**Dataset extract:**
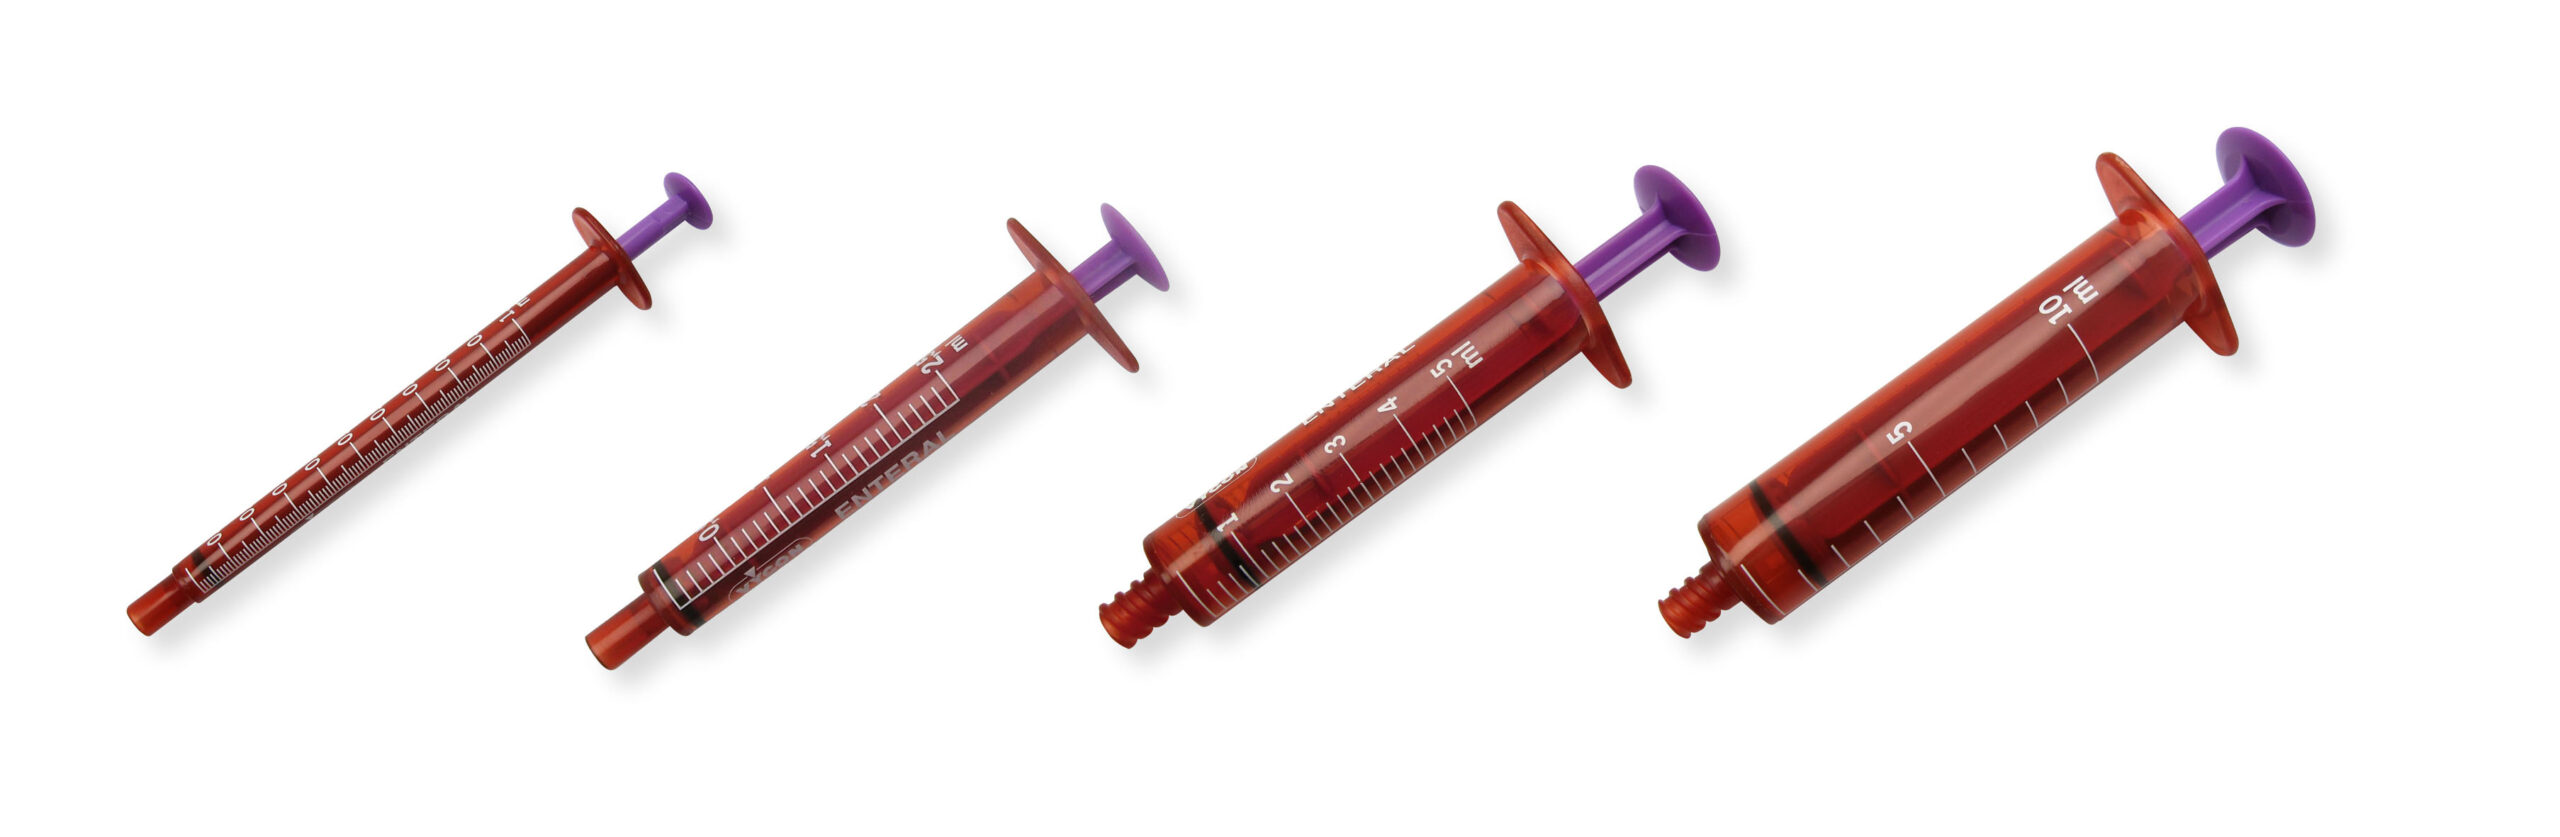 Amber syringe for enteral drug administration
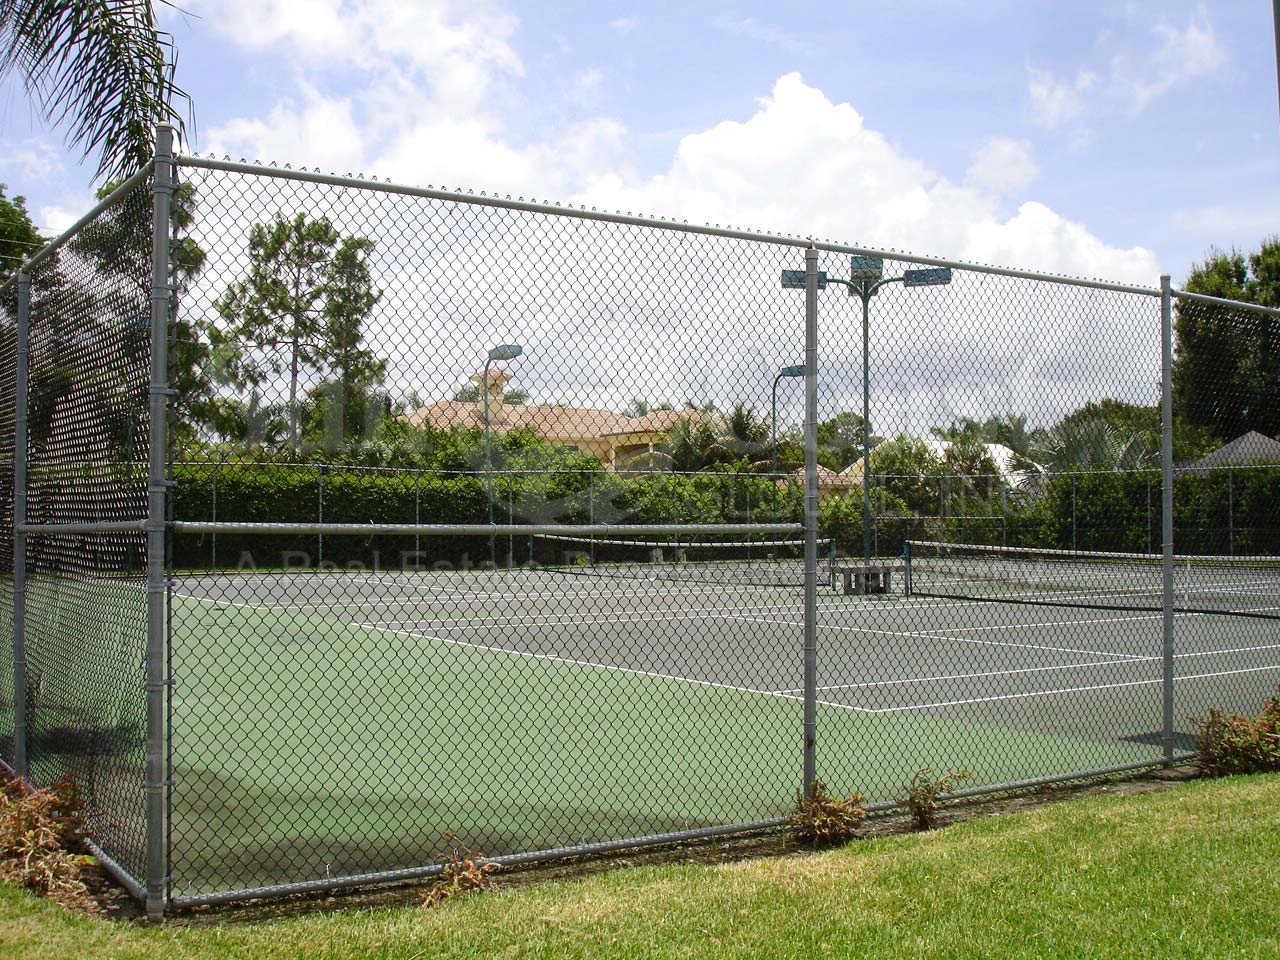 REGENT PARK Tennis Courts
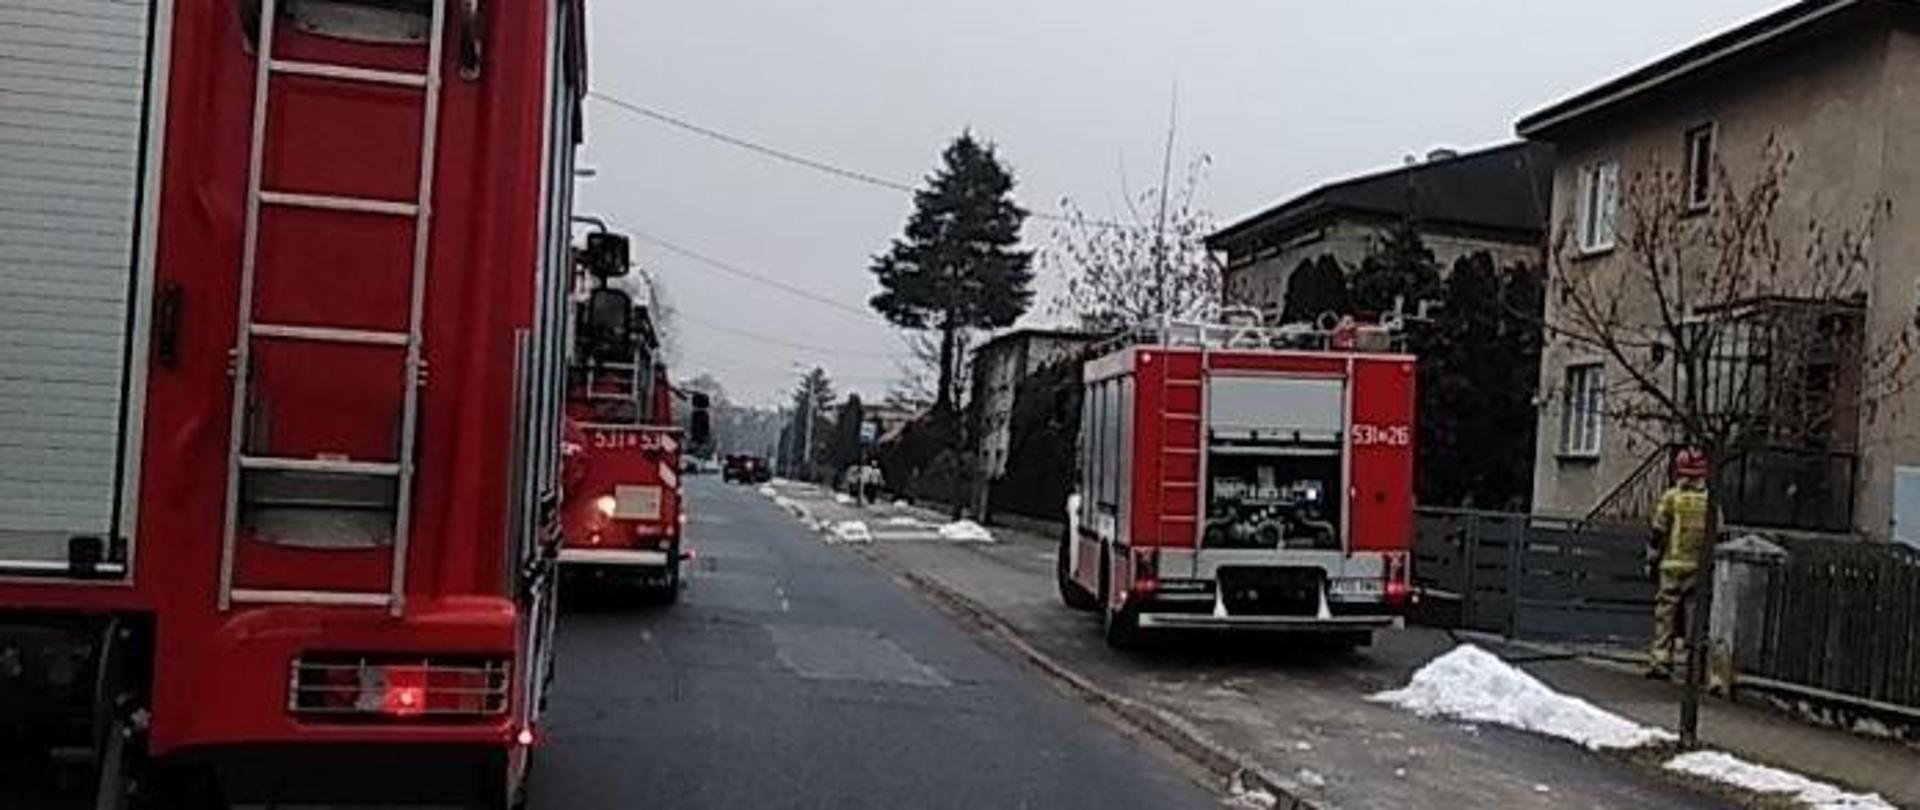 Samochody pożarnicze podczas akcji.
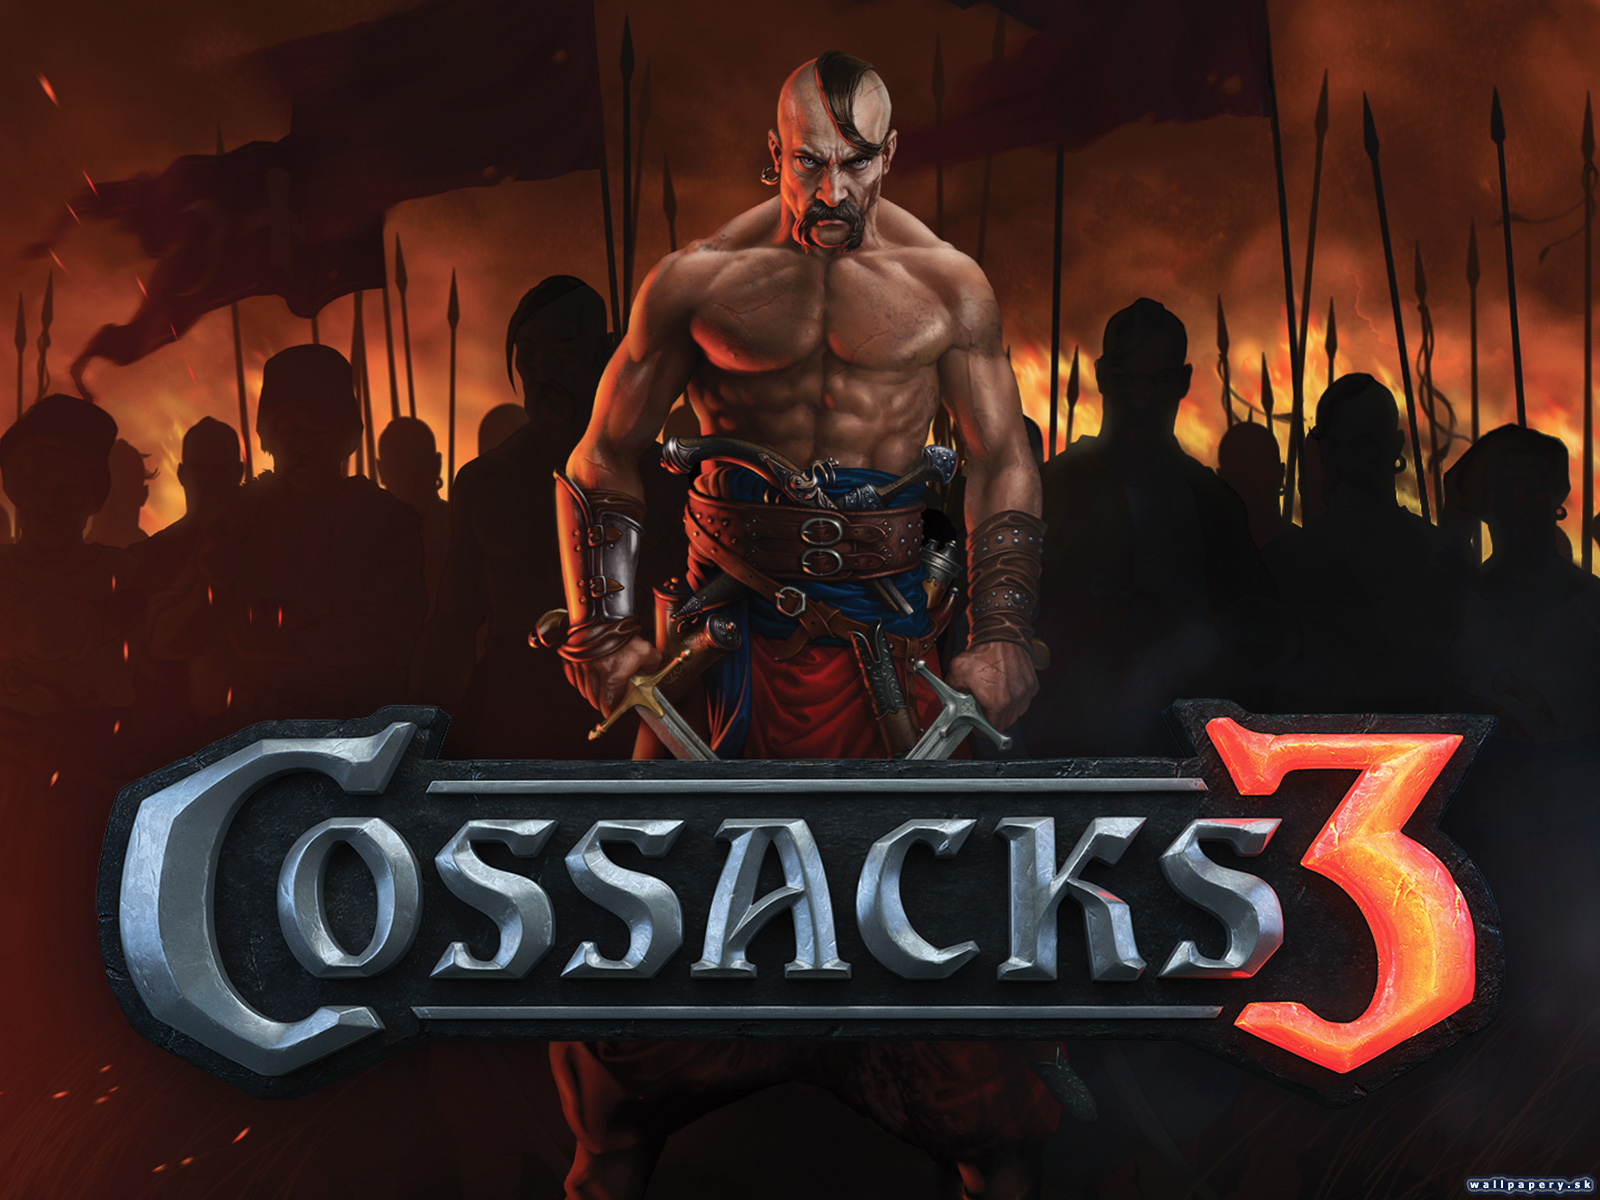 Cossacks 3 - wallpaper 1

**What you should do:** Reproduce all lines above exactly. Leave the images out.

**Answer:**
 Amber syringe for enteral drug administration
 REGENT PARK Tennis Courts
 Samochody pożarnicze podczas akcji.
 Cossacks 3 - wallpaper 1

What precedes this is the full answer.